Die Lockdown-Maßnahmen haben zu einer massiven Vereinzelung beigetragen. Persönliche Kontakte und Versammlungen sollten möglichst nur noch unpersönlich und online im virtuellen Raum stattfinden. Der regierungsseitige, mediale und private Druck auf Lockdown-Gegner ist immens. Von daher waren wir schon zufrieden, dass wir, obwohl sich privat zu treffen illegal war, unsere beiden Broschüren gemeinsam erarbeiten konnten.

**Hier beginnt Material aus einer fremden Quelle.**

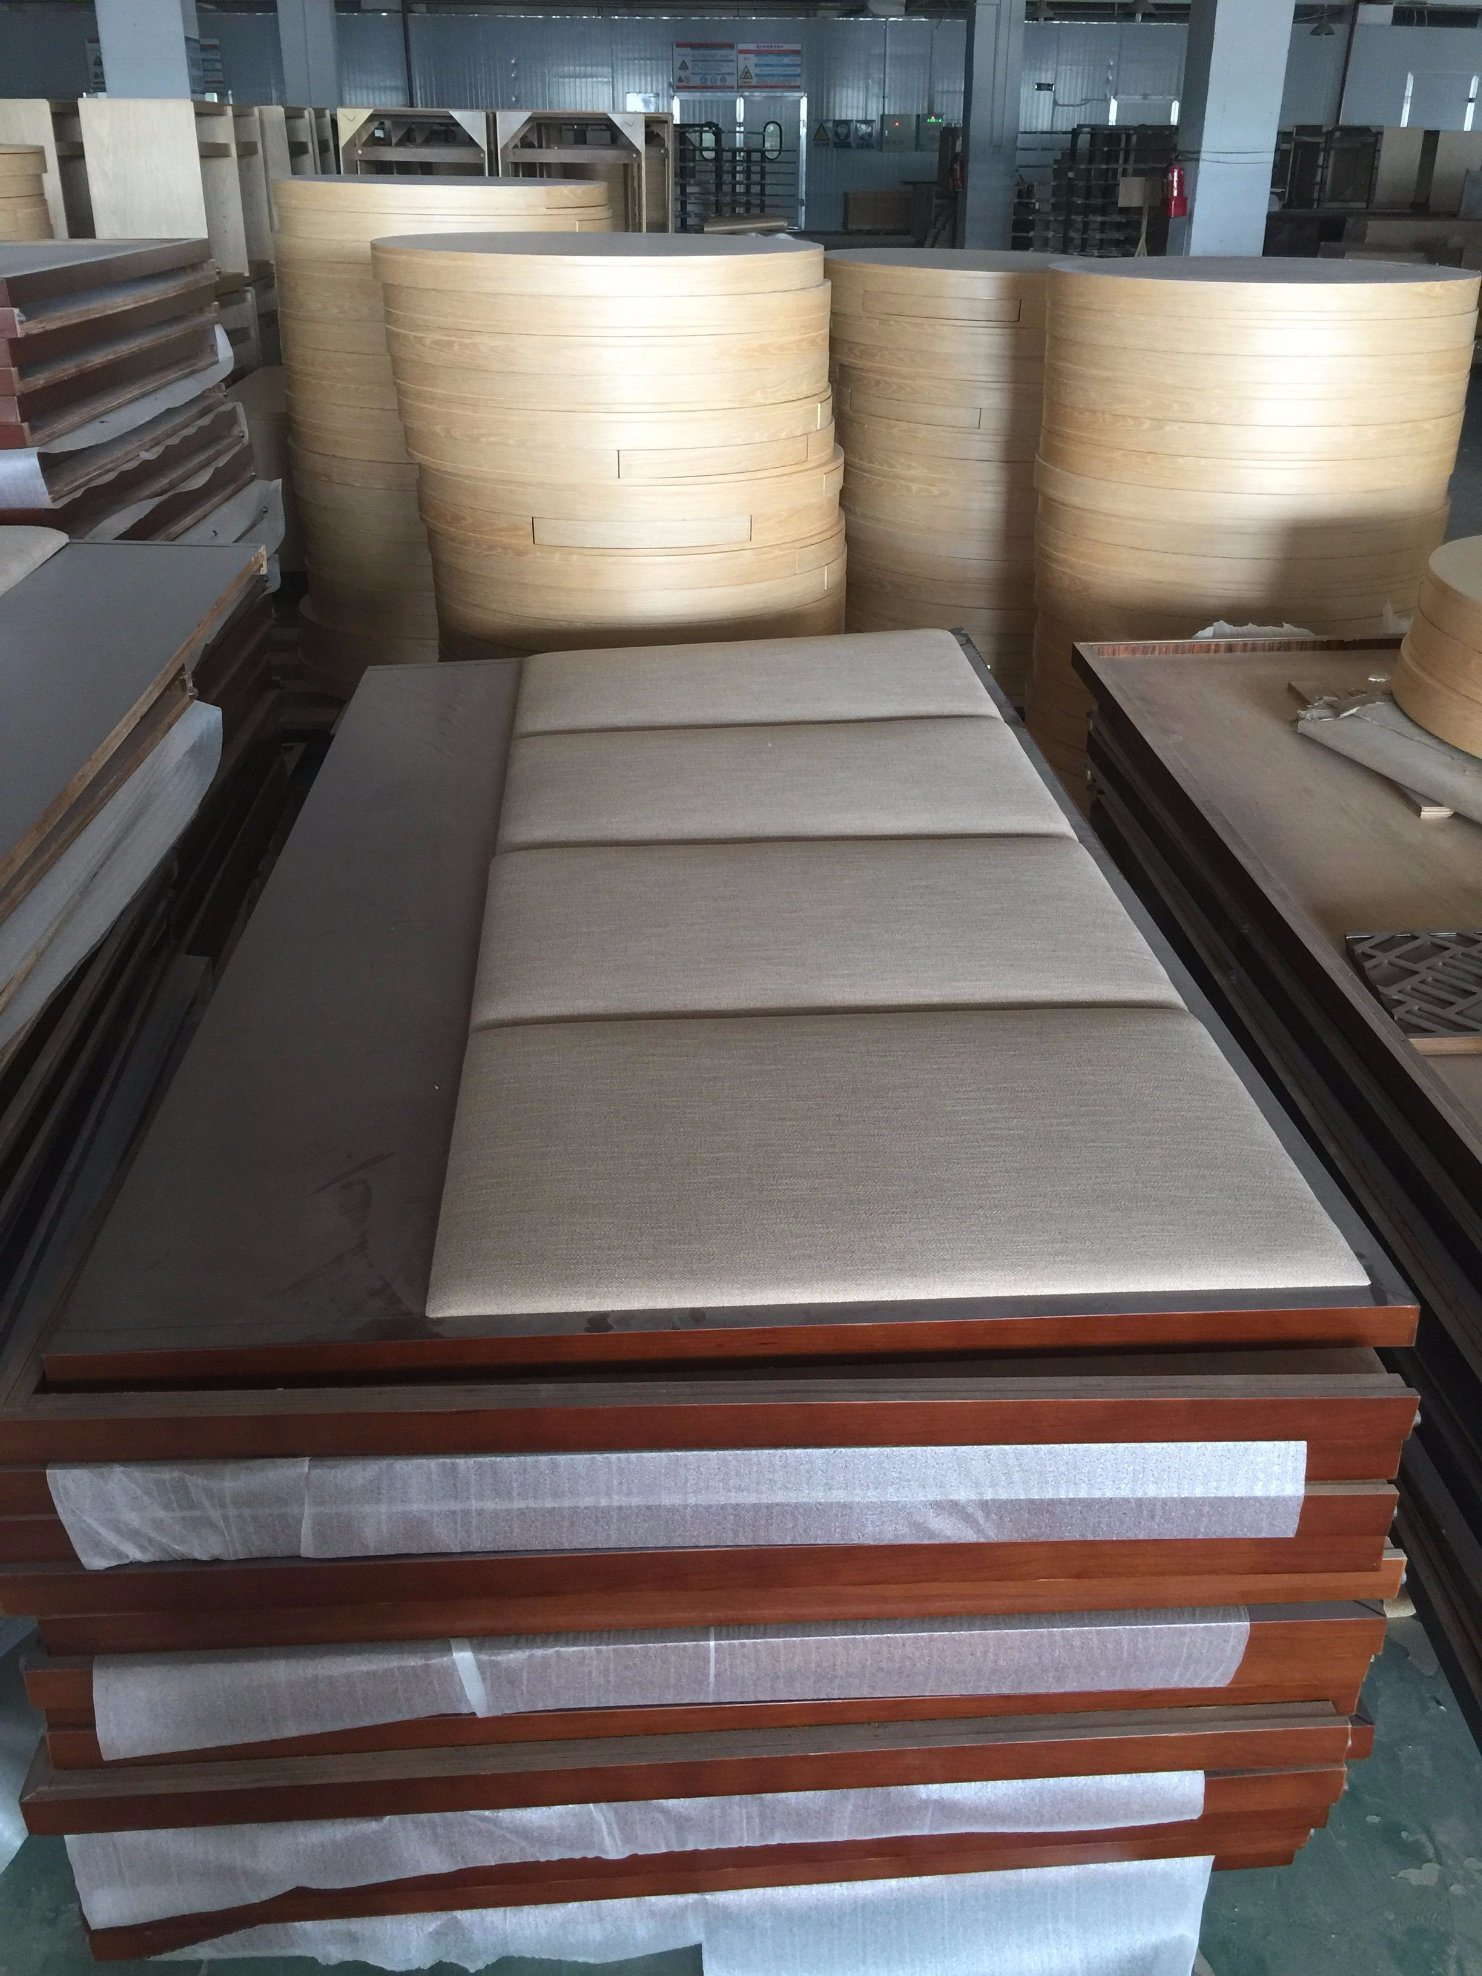 Hotel Furniture/Luxury King Size Hotel Bedroom Furniture/Restaurant Furniture/Double Hospitality Guest Room Furniture (GLB-0109816)

Wir haben Kontakt zu anderen bekommen, die ebenso vereinzelt bzw. nur schwach vernetzt sind wie wir, haben aber keine Ressourcen, zu einer größeren Versammlung mit Gleichgesinnten aufzurufen. Parteien bzw. überhaupt Organisationen, die unseren Standpunkt teilen, sehen wir zurzeit nicht. Bestrebungen, die nicht vergessen haben, dass kapitalistische Gesellschaften keine solidarischen Gesellschaften sein können, sind dünn gesät. Also bemühen wir uns vorrangig um eine sachlich fundierte Analyse der tatsächlichen Verhältnisse.